Where did summer break go? The kids are trudging back to school around here already. In case you are tempted to tsk-tsk sympathetically and pity them for being back in school in August, don’t: they more than make up for it with a ridiculously-long Christmas break. Not that I’m bitter or anything about only having a few measly days off for the holidays way, way back when I was a kid.
Something else we didn’t have when I was in school was orientation before school started. We got our teacher’s name from the newspaper and just showed up the first day.
Gary and I trekked to Hickville to meet the kids’ teachers and make sure the kids knew where to go the first day. Well, at least that’s why we were there. Crow’s witless contribution to first-day-of-school preparations included beaming fatuously at Dove in her classroom and cooing delightedly as she jabbed a finger toward the desks, practically jumping up and down, “Oooh, you’re across from your boy-crush!” Yes, that’s what we want Dove to focus on, not her education or learning or anything silly and pointless like that.

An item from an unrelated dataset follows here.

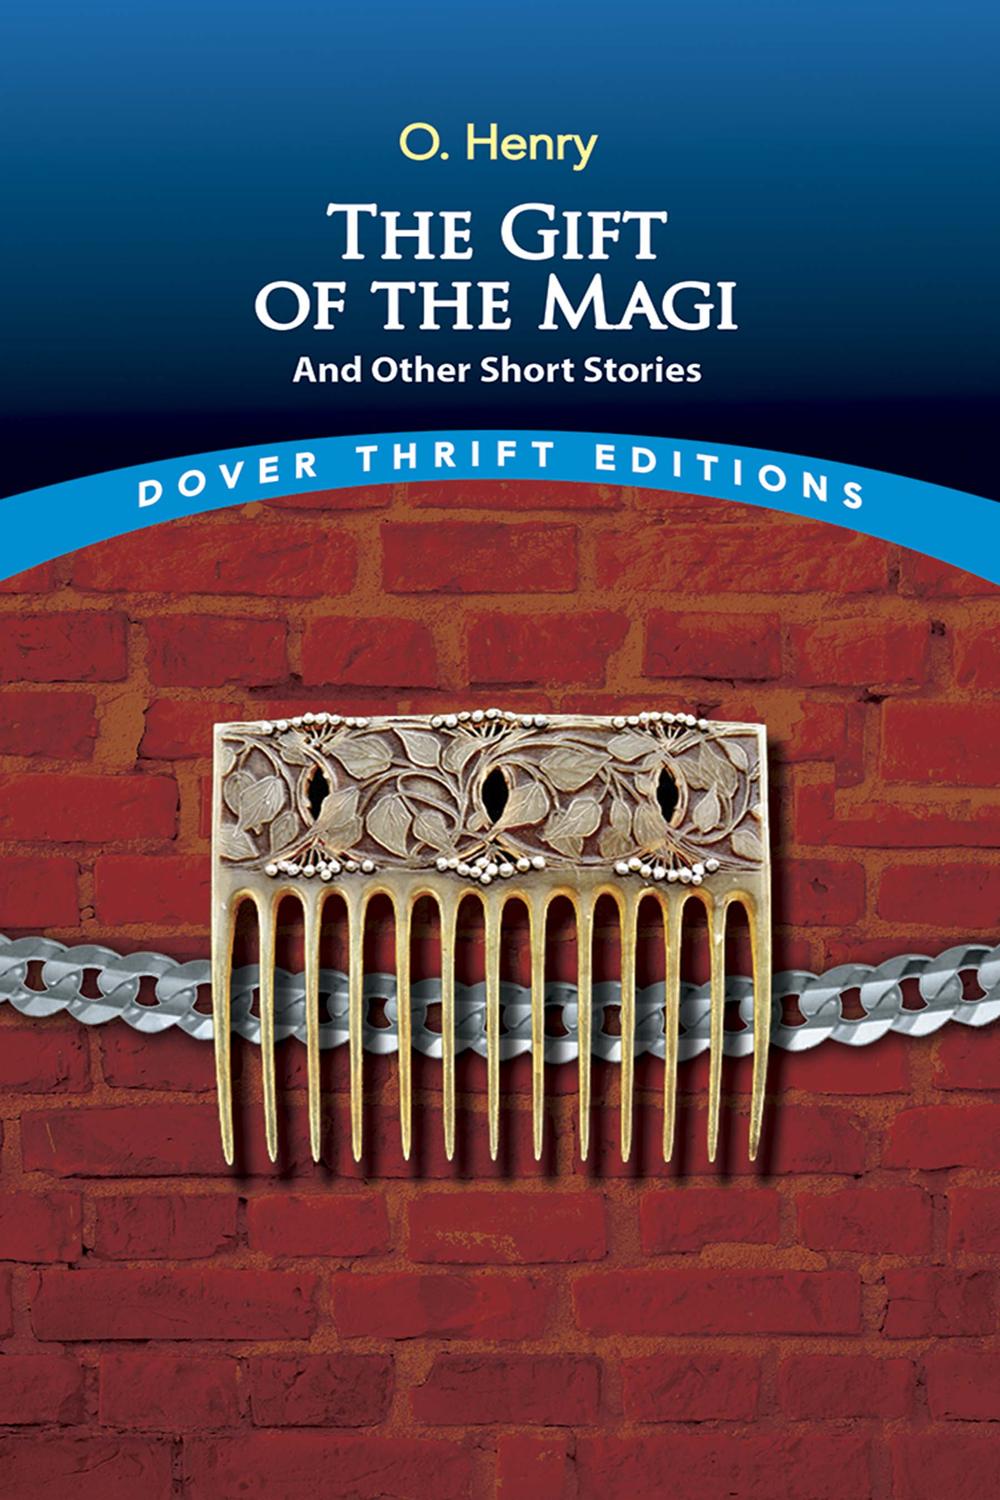 The Gift of the Magi and Other Short Stories - O. Henry,,

Ever since the girls were in pre-school, Crow and her inbred family have pushed the crush/boyfriend thing onto them like they were mail-order brides. The only aspirations and ambitions the girls are supposed to have, apparently, are attracting boys, giggling about boys, and getting married as soon as humanly possible. This plan resulted in Crow failing miserably in two marriages and being stuck in an entry-level job as she’s pushing 50, but I don’t want to dampen the zealous enthusiasm for this incredible life plan for the girls, now do I?
Actually, yes I do. The concept of any of the kids looking to Crow or her family as role models for life is terrifying. Lying, deceit, manipulation, maniacal denial about their laundry list of mental issues…that’s all the kids will find in that bag of crazy. They live with it every day, though, and I’m not quite sure they don’t just accept it as normal, which is scary.
Gary made a point of reminding Dove that she is at school to learn, not worry about which boy is sitting near her. She nodded, but I’m not sure she understands the mixed messages that come from Crow’s whacked-out sideline vs. ours. I hope what we say sinks in. Having only every other weekend to scrape out the sludgy garbage that Crow pours into their heads, and replace it with anything valuable and rational, feels impossible, but we will certainly keep trying.